Lie algebras of same dimension are isomorphic I just began studying Lie algebras and I'm trying to prove that two Lie algebras $\frak g$ and $\frak h$ are isomorphic if and only if they have the same dimension.
If they're isomorphic, then proving that they have the same dimension goes just like for vector spaces, I guess.
Now, if $\{g_i\}_{i \in I}$ and $\{h_i\}_{i \in I}$ are bases for $\frak g$ and $\frak h$, we can define a linear map $T\colon {\frak g}\to {\frak h}$ by $Tg_i = h_i$, for all $i \in I$, and extending. But then we should check that $T$ also preserves commutators, so $T$ will be a morphism of Lie algebras.
If $[g_i,g_j] = \sum_k c_{ij}^kg_k$ and $[h_i,h_j]= \sum_k d_{ij}^kh_k$, writing $x=  \sum_i a_i g_i$ and $y = \sum_j b_jg_j$, I got: $$ T[x,y] = \sum_{i,j,k}a_ib_jc_{ij}^k h_k, \qquad [Tx,Ty] = \sum_{i,j,k} a_ib_j d_{ij}^k h_k. $$How can I prove that $c_{ij}^k = d_{ij}^k$? I guess I should use Jacobi's identity, but I'm not sure of how exactly doing this. Help?
 A: It is not true. Take  the set of all $6\times6$ matrices with usual bracket operation $[A,B]=AB-BA$. This is 36-dimensional Lie algebra.

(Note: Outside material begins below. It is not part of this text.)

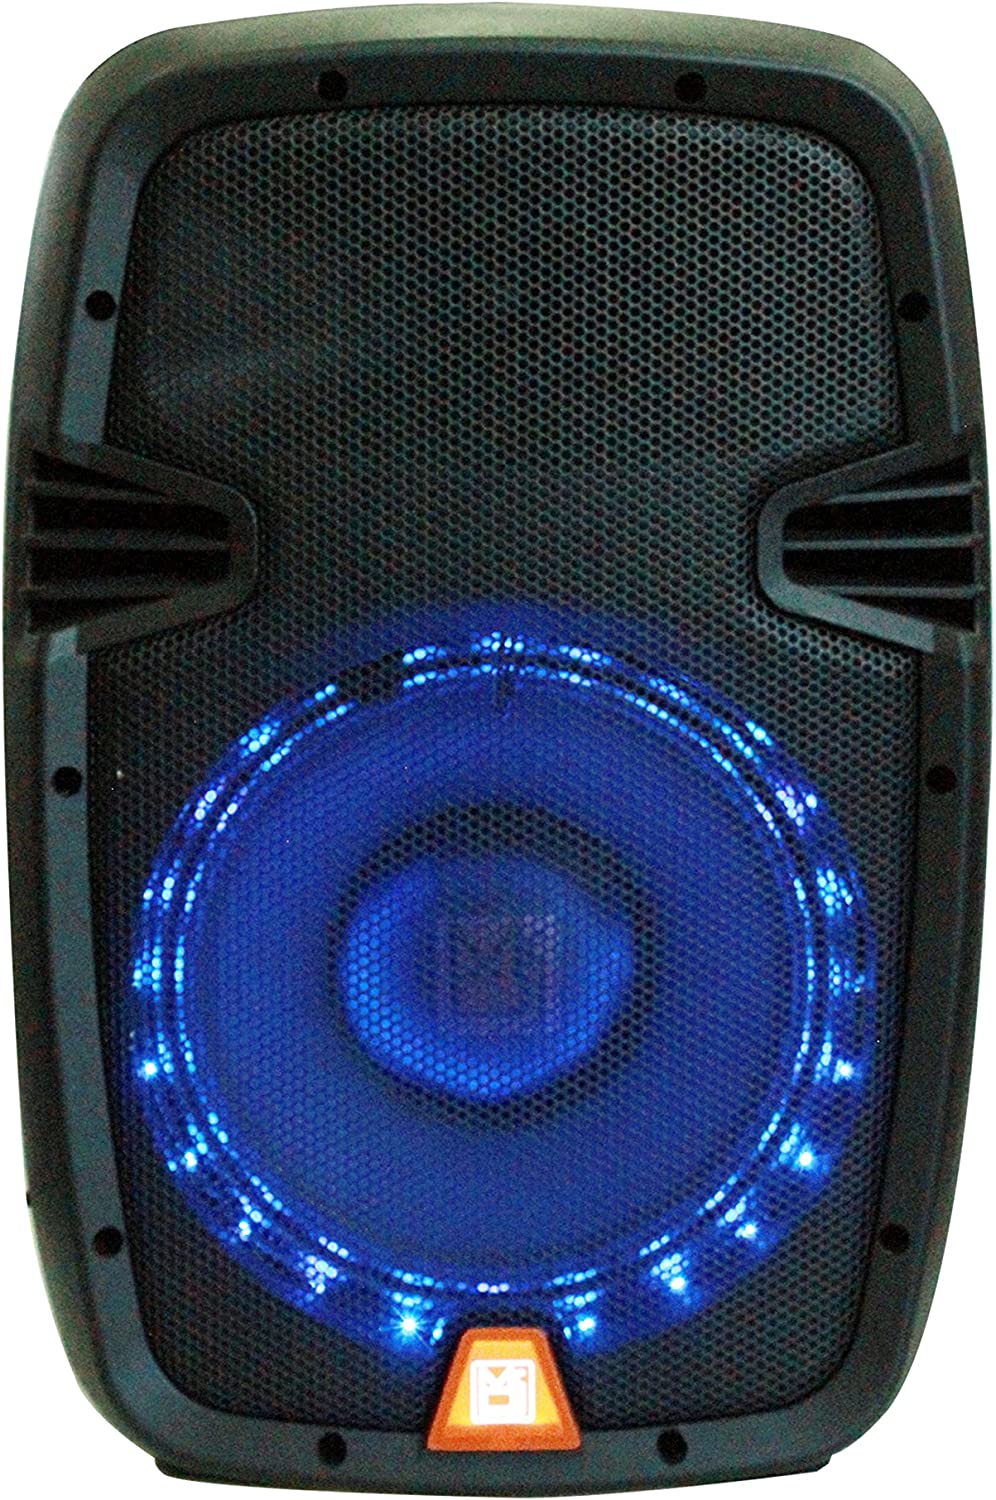 Mr. Dj PBX1859S 10" 2-Way Portable Passive Speaker with LED Accent Lighting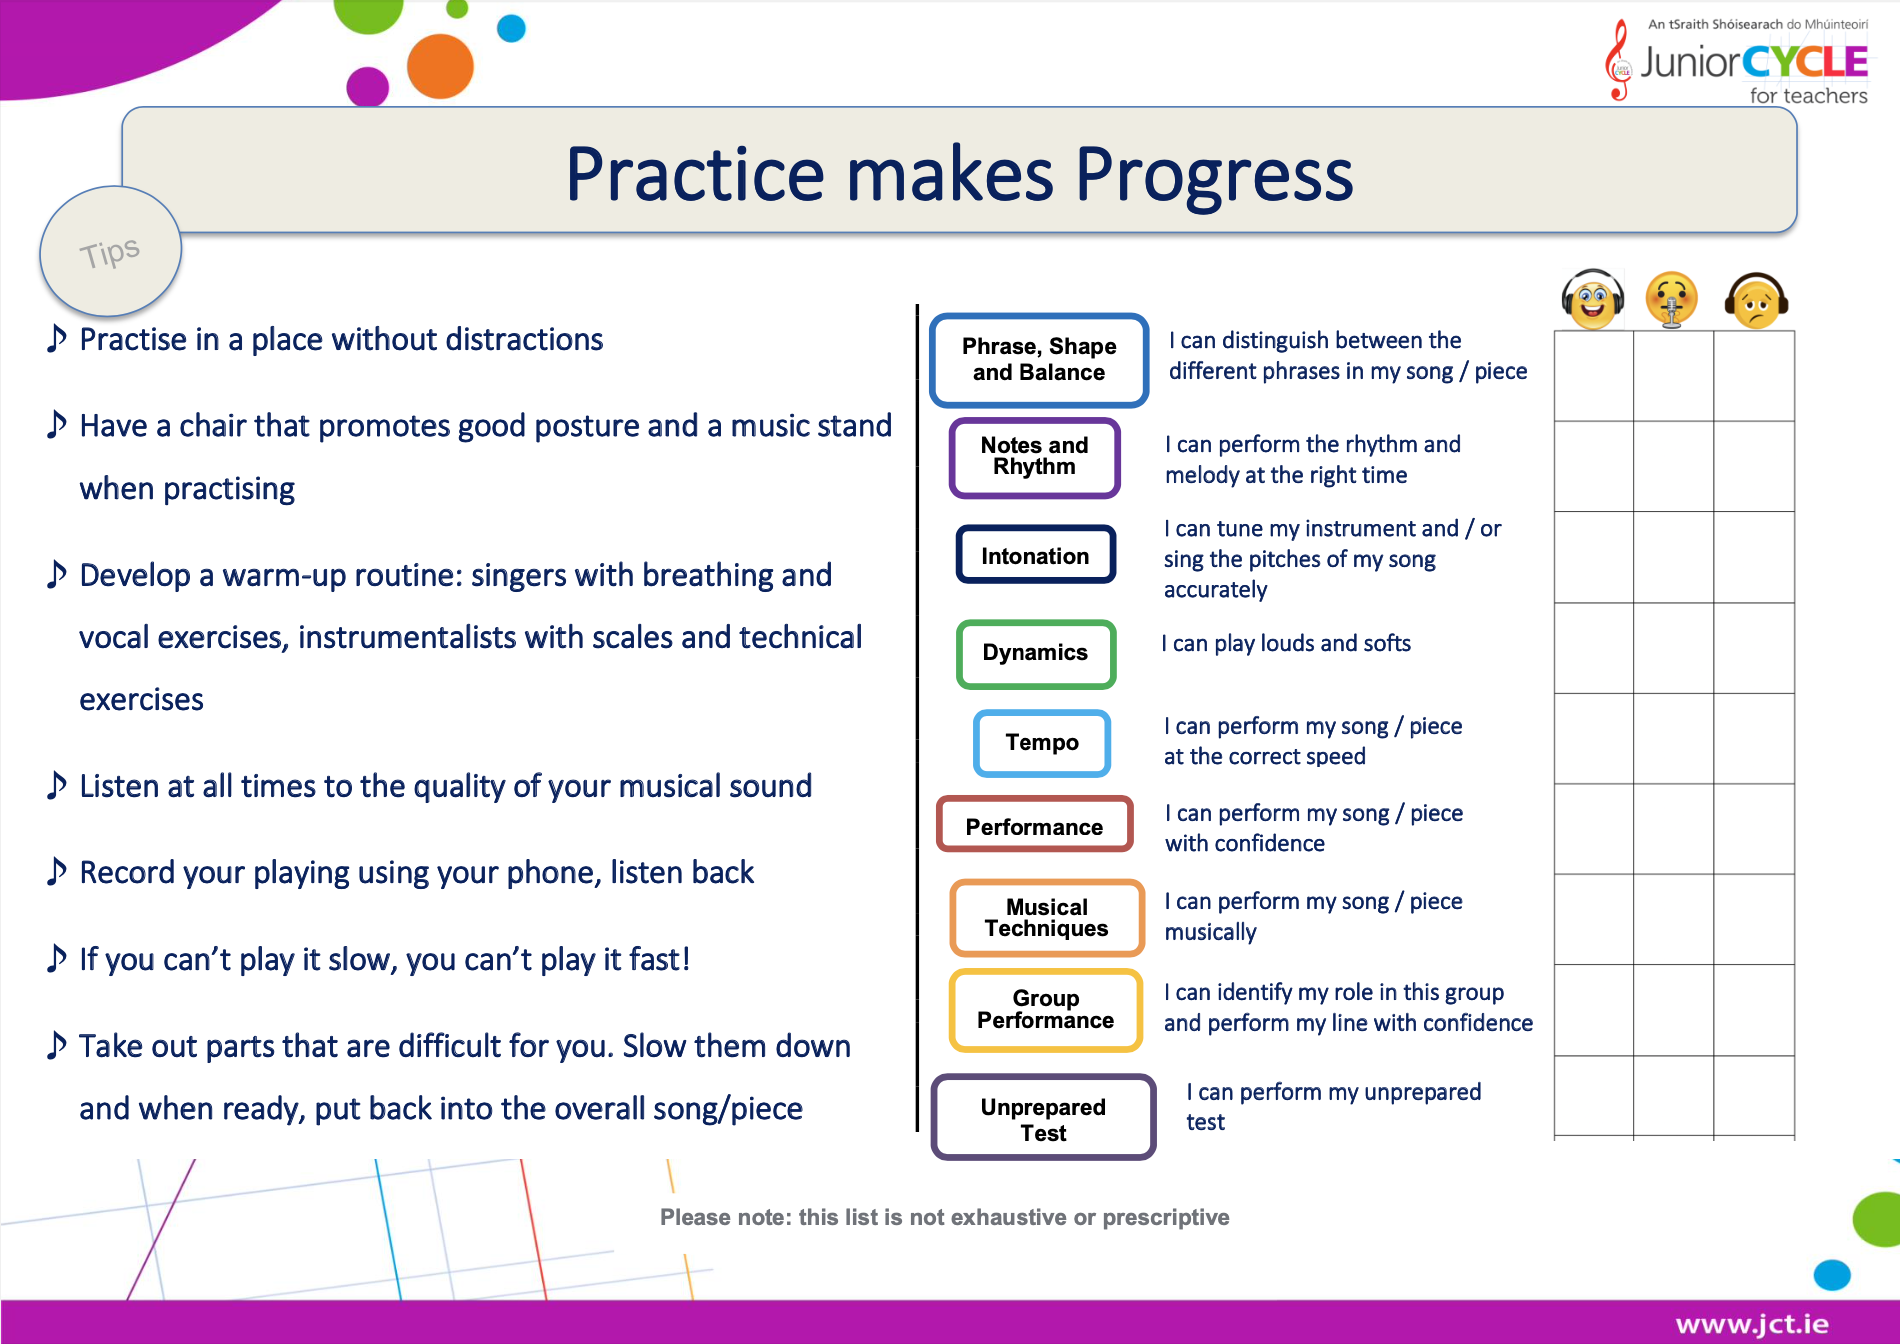 Student Reflective Diary - Practice Makes Progress

Now look at upper triangular matrices of size $9\times 9$, under the 'same' operation. This is of dimension $9\times8/2=36$. They are not isomorphic. (Second one is solvable, whereas the first is not). Of course it is much easier to give example with one of them  with trivial Lie algebra structure.
A: The minimal counterexample is of dimension $2$. Every $2$-dimensional Lie algebra over a field $K$ is either isomorphic to the abelian Lie algebra $K^2$, or to the solvable, non-abelian Lie algebra $\mathbb{r}_2(K)$, with basis $(x,y)$ and Lie bracket $[x,y]=x$. These two Lie algebras cannot be isomorphic for various reasons. The most obvious property is that $K^2$ has zero brackets, and $\mathbb{r}_2(K)$ has not. Another invariant is that $\dim Der(K^2))=4$ whereas $\dim Der(\mathbb{r}_2(K))=2$ for the derivation algebras.
A third argument is that $L=\mathbb{r}_2(K)$ is not nilpotent. Indeed $[L,[L,L]]=[L,L]$ stabilizes. Of course, $K^2$ is nilpotent.